I’m a very classical style thinker. In my mind, facts and opinions, history and myth are distinct. However, on this trip we’ve learned that it is impossible to separate these concepts.
“The Jews don’t have history; they have memory" is a phrase that Jeremy, our tour guide, has repeated often.
Throughout the day we were presented with identity not simply as facts and dates but how this history is assembled into the narrative of memory. Memory is not our life as it happened to us but what we choose to remember, and more importantly what we choose to forget.
At the Palmarch, a museum (though it’s really more of a multimedia experience) dedicated to the elite military group that was pivotal in securing Israel’s independence and statehood, I thought of the Israeli and Jewish memory we were being presented. I thought of how they chose to tell stories of heroism, friendship and sacrifice of the Jewish soldiers. The trauma of the Holocaust was also central to understanding the mood around Yom Hazikaron, Israel’s memorial day to fallen soldiers. This part of the Palmarch experience also gave new meaning to what Haim, a Holocaust survivor, said at Hillel’s shabbat dinner, “We’ve got to hold on to that Israel!”
There may be dominant narratives in this country, but there are also many more narratives, as numerous as they are diverse.

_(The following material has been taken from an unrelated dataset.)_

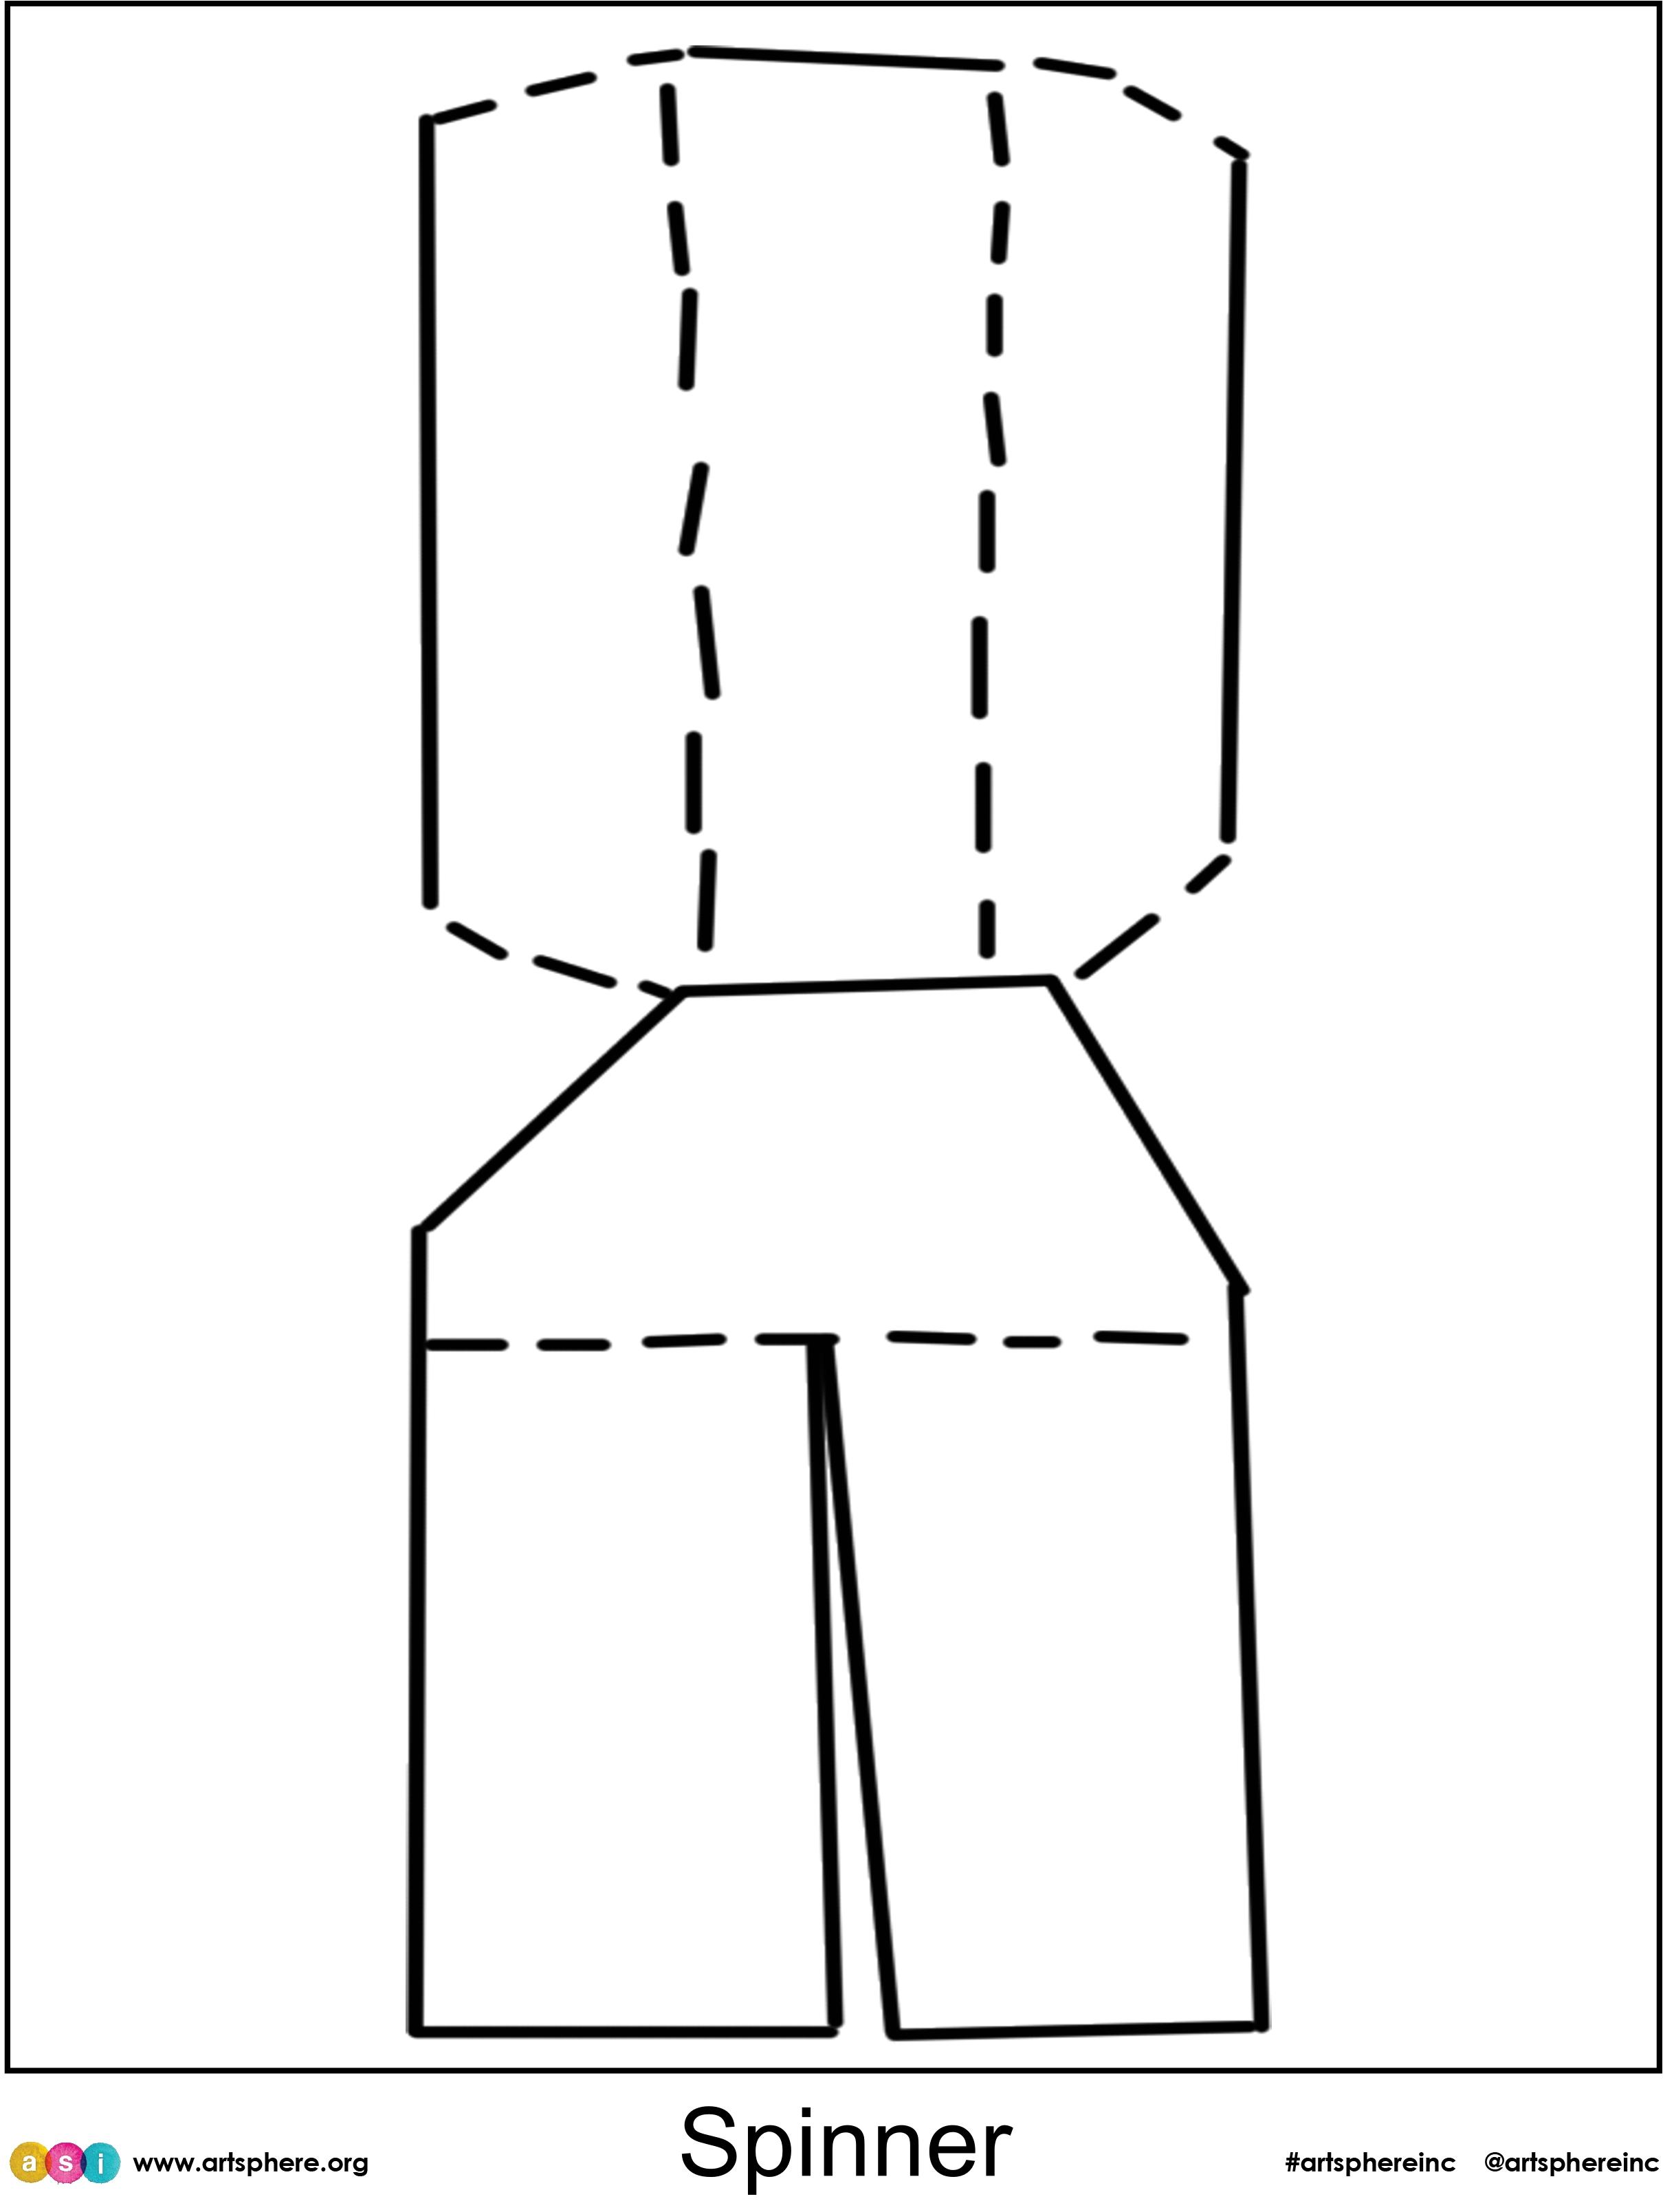 Spinner Cutout Handout

Later in the day, on our graffiti tour in the hip Tel-Aviv neighborhood of Florentin, one of the images was marked over by vegan political activists with the text, “All are 269” and “Free 269.” These slogans referred to the plight of the cows who are given a number before they are slaughtered for human consumption, just as the victims of the shoah were given a number and slaughtered.
At the end of the day the struggles and identities of Israel are a reflection of of our own identities and struggles. Just as the line of the Israeli national anthem “the 2000 year old hope - will not be lost: To be a free people in our land” does not include the Arabs and other non-Jews who were also there, the line of our own national anthem “O’er the land of the free and the home of the brave!” excludes the slaves and Native Americans to create our own patriotic memory. Israel challenges us to ask ourselves, how do we choose to remember?